I'm facing an issue with creating materialized views in ClickHouse where each row is duplicated in the materialized view, despite no changes to my setup. My data warehouse is populated through an ELT process from a PostgreSQL database using Airbyte. Interestingly, the issue persists even when creating the materialized view directly through the ClickHouse console.
The problem surfaced about 3-4 weeks ago. Previously, the materialized view was created as expected without any duplicates. Running the query outside of a materialized view context returns the correct result set (approximately 8 million rows). However, when I create a materialized view with the same query, the result set unexpectedly doubles in size to approximately 16 million rows, effectively duplicating each row.
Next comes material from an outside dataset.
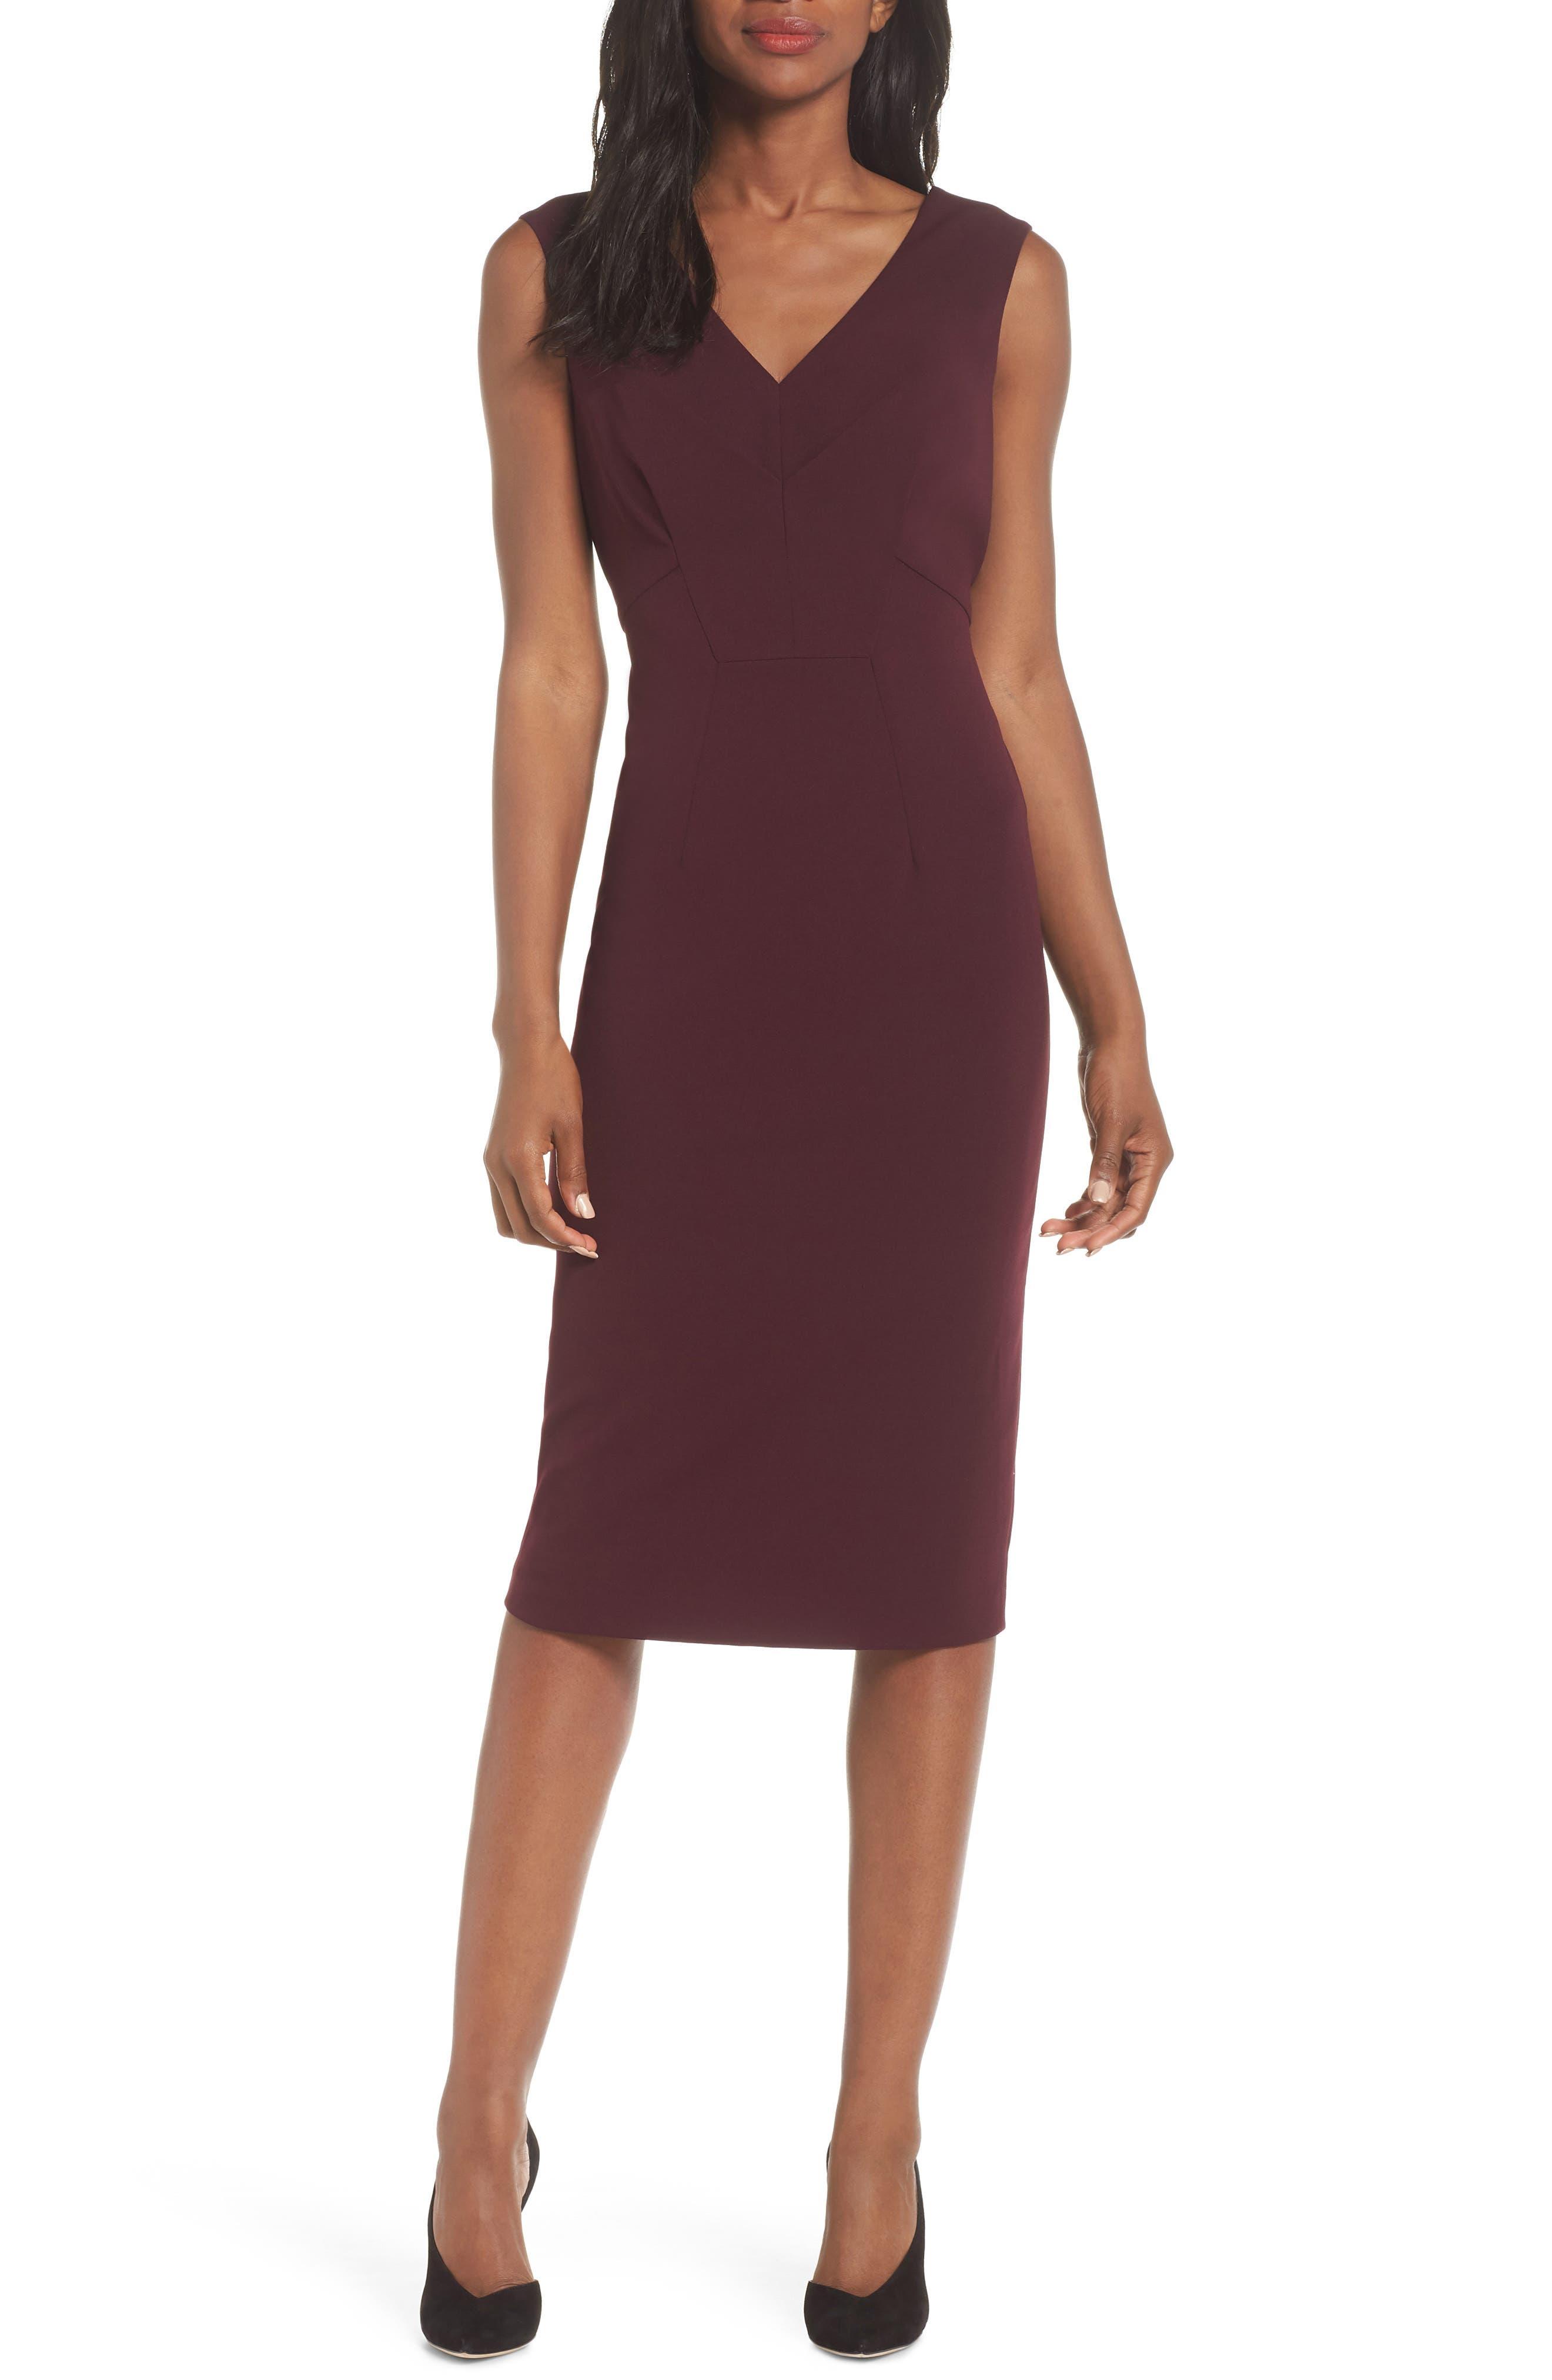 Ava Gardner Sheath Dress,                             Main thumbnail 1, color,                             930

Here's the query used for the materialized view:
CREATE MATERIALIZED VIEW transactions
ENGINE = MergeTree
ORDER BY (ContainerLocationsId) POPULATE AS
SELECT
stores.Id AS StoreId,
stores.Type as StoreSubtype,
stores.Name AS StoreName,
stores.City AS City,
containerLocations.Id AS ContainerLocationsId,
containerLocations.OwnerSince AS OwnerSince,
containerLocations.OwnerTill AS OwnerTill,
containerLocations.OwnerId AS OwnerId,
containerLocations.NextOwnerId AS NextOwnerId,
containerLocations.ContainerId AS ContainerId,
containerLocations.TransactionType AS TransactionType,
containerTypes.Name AS ContainerTypeName
FROM containerLocations
LEFT JOIN userLinks ON containerLocations.OwnerId = userLinks.UserId
LEFT JOIN containers ON containers.Id = containerLocations.ContainerId
LEFT JOIN stores ON userLinks.StoreId = stores.Id
LEFT JOIN storeCategories ON storeCategories.Id = stores.CategoryId
LEFT JOIN containerTypes ON containerTypes.Id = containers.TypeId
WHERE containerLocations.IsBillableTransaction = 1
The ContainerLocationsId is designed to be a unique, incrementing ID. I haven't made any modifications to the query or the underlying data structure that could account for this sudden change in behavior.
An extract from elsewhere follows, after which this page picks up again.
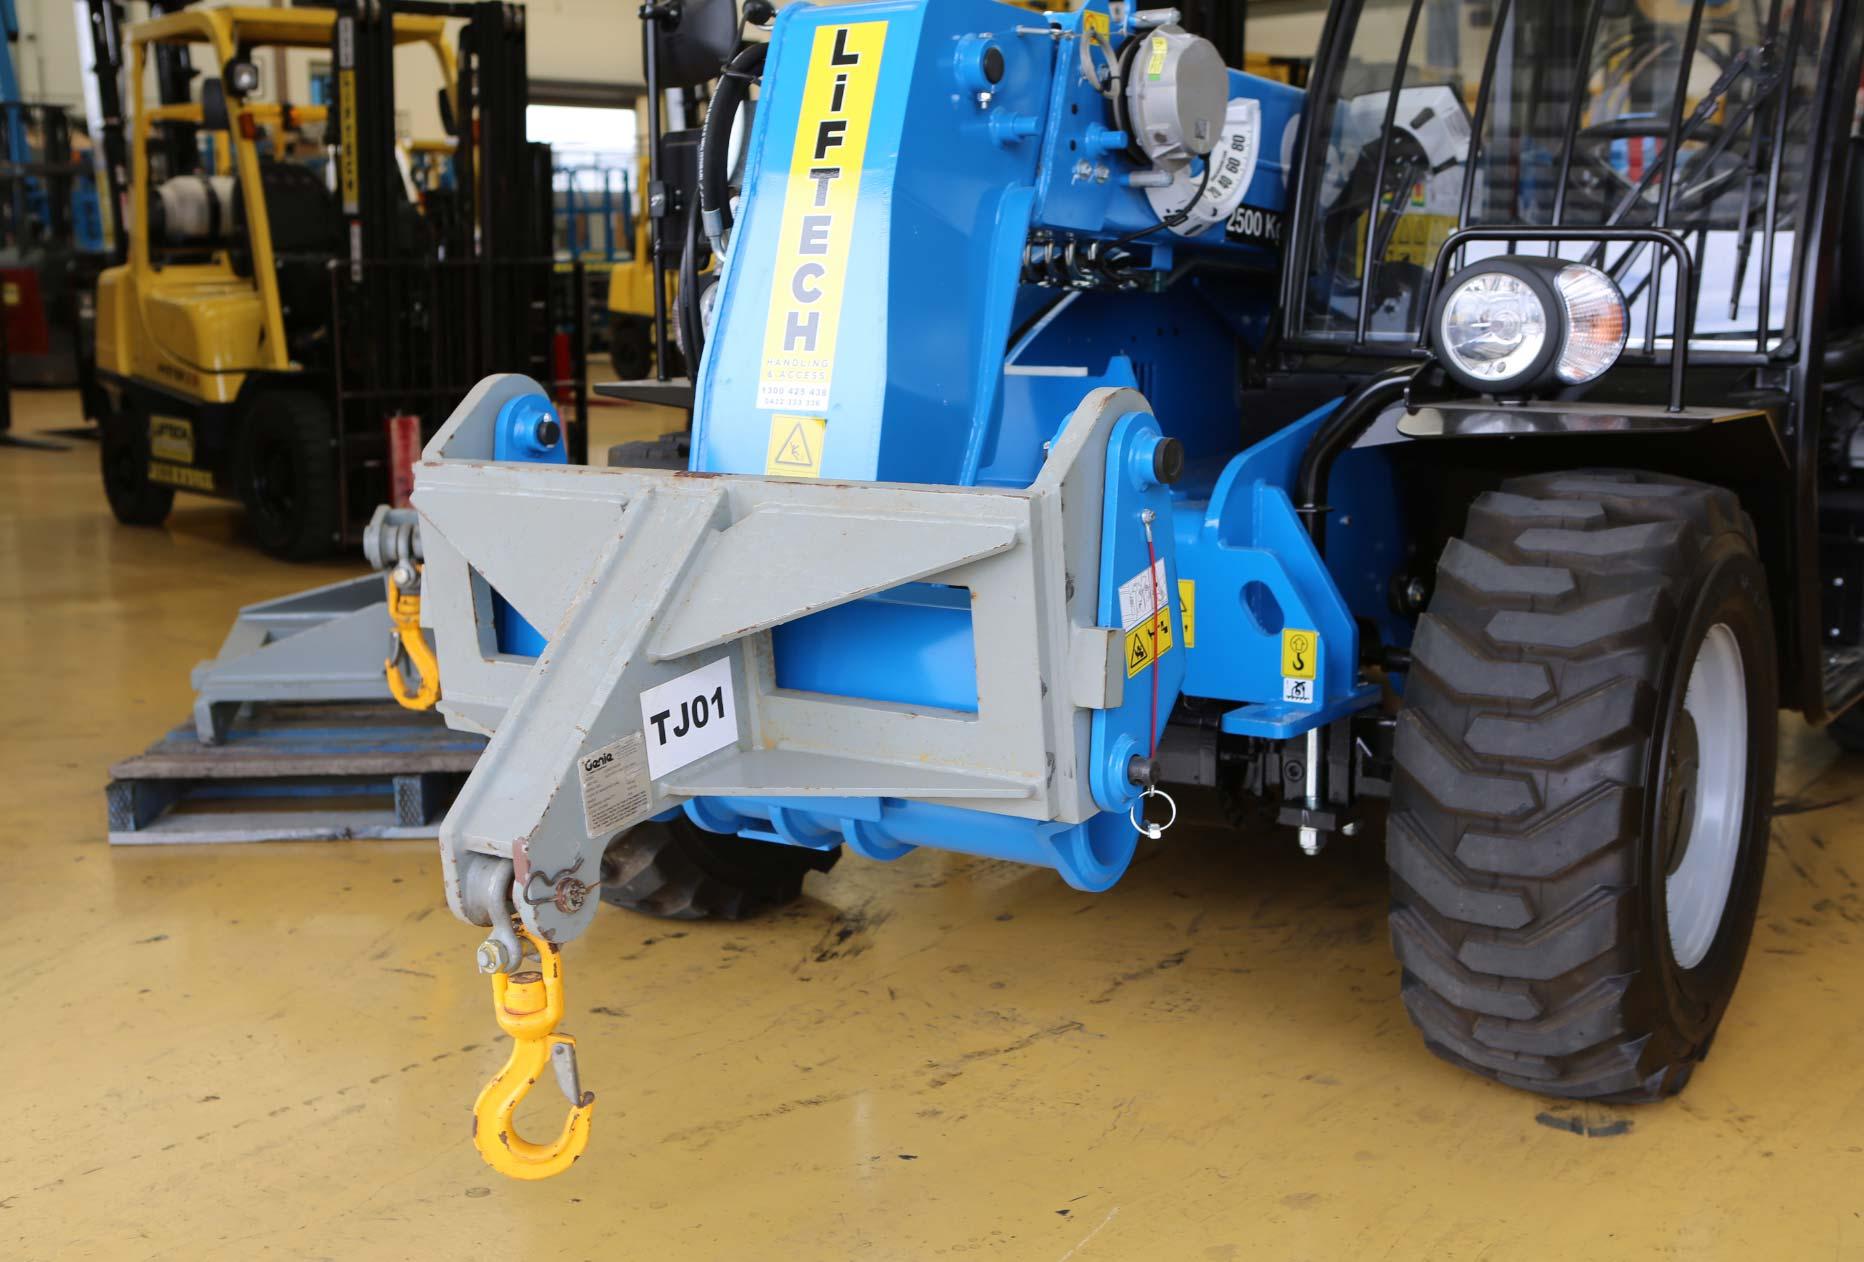 2.5 Tonne Telehandler Forklift's Attachment

The data successfully loads into the warehouse without any duplication issues when running the query normally. Despite attempts to resolve the issue by adding more columns to the sorting key, the duplication persists. The integrity of the original tables in the warehouse confirms that the ELT process is operating correctly. Additionally, my search through the ClickHouse documentation has not yielded a solution. As I am relatively new to ClickHouse, I'm uncertain about the cause of this issue.